Шрифт:
Интервал:
Закладка:
Теперь понятно, что значит «христианская» мораль, внушаемая Порфирием Раскольникову, пауком – рвущейся из лап его мухе: «Я ведь тебя, мою жертвочку, все равно проглочу, не бейся же, не дергайся понапрасну, – помолись-ка Богу, да прими страдание: не гляди на то, что я отолстел – я знаю, в страдании есть идея, и тебе будет легче, и мне приятнее».
Понятно также, почему Раскольников от этой «морали» бледнеет и корчится, как от прикосновения протягивающейся, присасывающейся к нему, скользкой и холодной щупальцы «самого холодного из чудовищ» – Государства, по выражению Ницше. Нельзя лучше показать, чем это сделано в образе Порфирия, до какого падения, до какого осквернения может дойти то, что принимается людьми за «христианскую нравственность». Трудно себе представить, чтобы сам Достоевский мог не только сознательно, но даже бессознательно стоять на стороне Порфирия против Раскольникова, смешивая «идею страдания», как внутреннего свободного подвига, с идеей «наказания», как внешней насильственной кары. Во всяком случае впоследствии окончательно понял он и высказал, что между этими двумя идеями нет ничего общего, что одна – государственная – исключает другую – религиозную: тем-то ведь и ужасна внешняя кара закона, что отнимает у преступника всякую возможность внутреннего добровольного искупления. Вот что говорит об этом уже не бунтующий анархист Раскольников, а смиренный старец Зосима в «Братьях Карамазовых»: «Все эти ссылки в работы, а прежде с битьем, никого не исправляют, а главное, почти никакого преступника и не устрашают, и число преступлений не только не уменьшается, а чем далее, тем более нарастает… И выходит, таким образом, что общество совсем не охранено, ибо хоть и отсекается вредный член механически и ссылается далеко, с глаз долой, но на его место тотчас же появляется другой преступник, а может, и два другие… Общество отсекает его от себя вполне механически торжествующею над ним силой и сопровождает отлучение это ненавистью и полнейшим к дальнейшей судьбе его, как брата своего, равнодушием и забвением». Эту господствующую в современной культуре, первобытную грубость и механичность в разрешении нравственных вопросов старец объясняет тем, что теперешнее государство есть «союз еще почти языческий».

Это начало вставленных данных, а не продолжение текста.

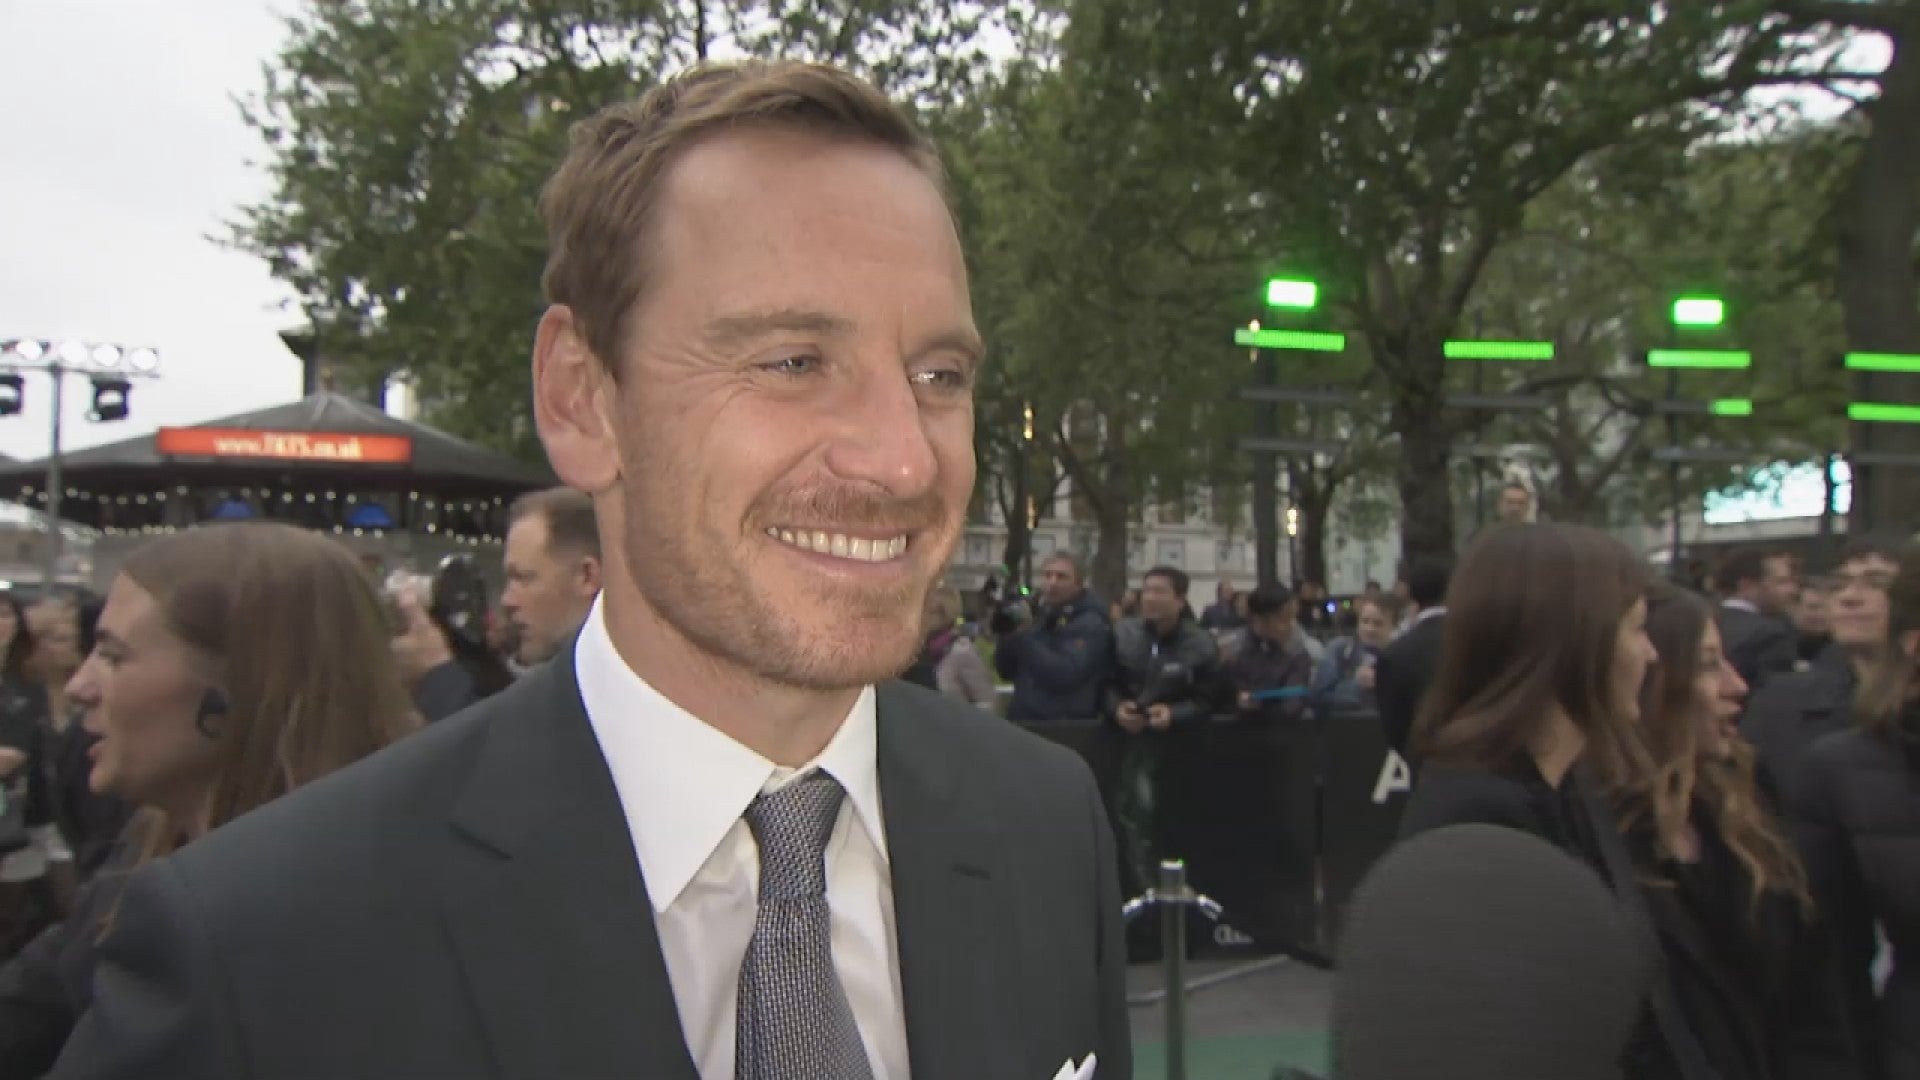 Michael Fassbender, Alicia Vikander Welcomed Child: First Baby Photos –  SheKnows
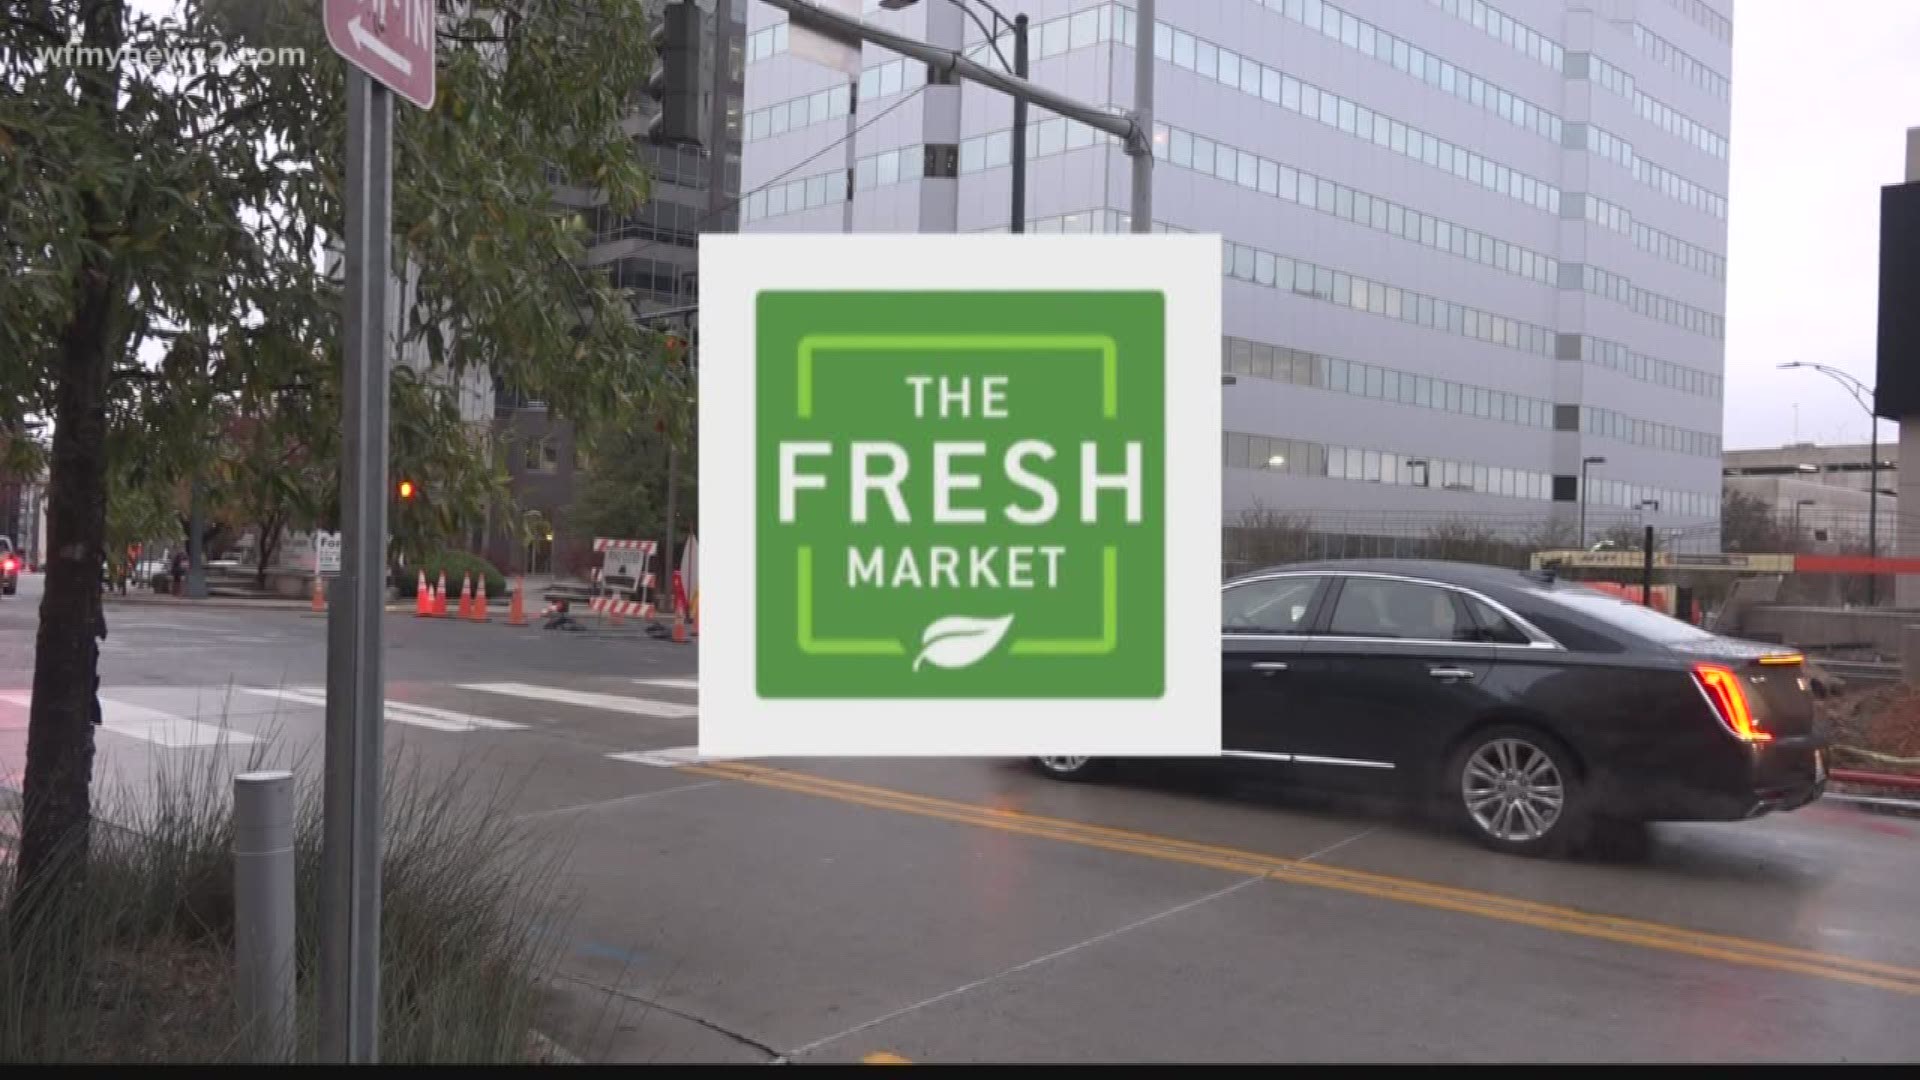 Greensboro-based grocery store "The Fresh Market" was exploring its options in leaving the city before local leaders stepped in with big incentives to keep it here

– Социалист, верующий в Бога, социалист-христианин страшнее социалиста-безбожника, – замечает один из слушателей.
– То есть, вы… и в нас видите социалистов? – прямо и без обиняков спрашивает отец Паисий, единомышленник старца Зосимы.
У Достоевского нет ответа на этот любопытный вопрос. Но, кажется, ответ ясен: в самом деле, ежели старец Зосима и отец Паисий не анархисты, то все-таки не ближе ли они, конечно, в отрицательной только, критической стороне учения своего, к Раскольникову-разрушителю, чем к Порфирию-охранителю.
Ощущение мертвого холода, который испытывает всякая живая душа от прикосновения «самого холодного из чудовищ», может быть, нигде во всемирной литературе не передано с такою силою, как на сцене предварительного следствия над Митей Карамазовым. «Ему претило, – говорит Достоевский, – перед этими холодными, впивающимися в него, как клопы, людьми». Человек человеку тут даже не зверь, а смрадное насекомое.
«– Помилосердуйте, господа!» – всплеснул руками Митя на один из особенно цинических вопросов прокурора. – «Ведь я, так сказать, душу мою разорвал пополам перед вами, а вы воспользовались и роетесь пальцами по разорванному месту в обеих половинах… О Боже!»
Тут уж, кажется, слишком явно, на чьей стороне Достоевский.
«– Вижу ясно, не надо было соваться. Зачем, зачем я омерзил себя признанием в тайне моей! А вам это смех („неслышный“ смех Порфирия). – Пойте себе гимн, если можете… Будьте вы прокляты, истязатели!» Этот крик Мити не есть ли ответ и Раскольникова, который ведь тоже, в конце концов, почувствует, что «омерзил себя» покаянием, «признанием в тайне своей», «явкой с повинною», – ответ на «христианскую мораль» Порфирия – но неужели, неужели же и на «мораль» самого Достоевского? Как мог он думать, что мы этому поверим, что мы попадемся в эту ловушку, повторяю, слишком нехитрую, как будто нарочно устроенную так, чтобы мы, наконец, ее увидели?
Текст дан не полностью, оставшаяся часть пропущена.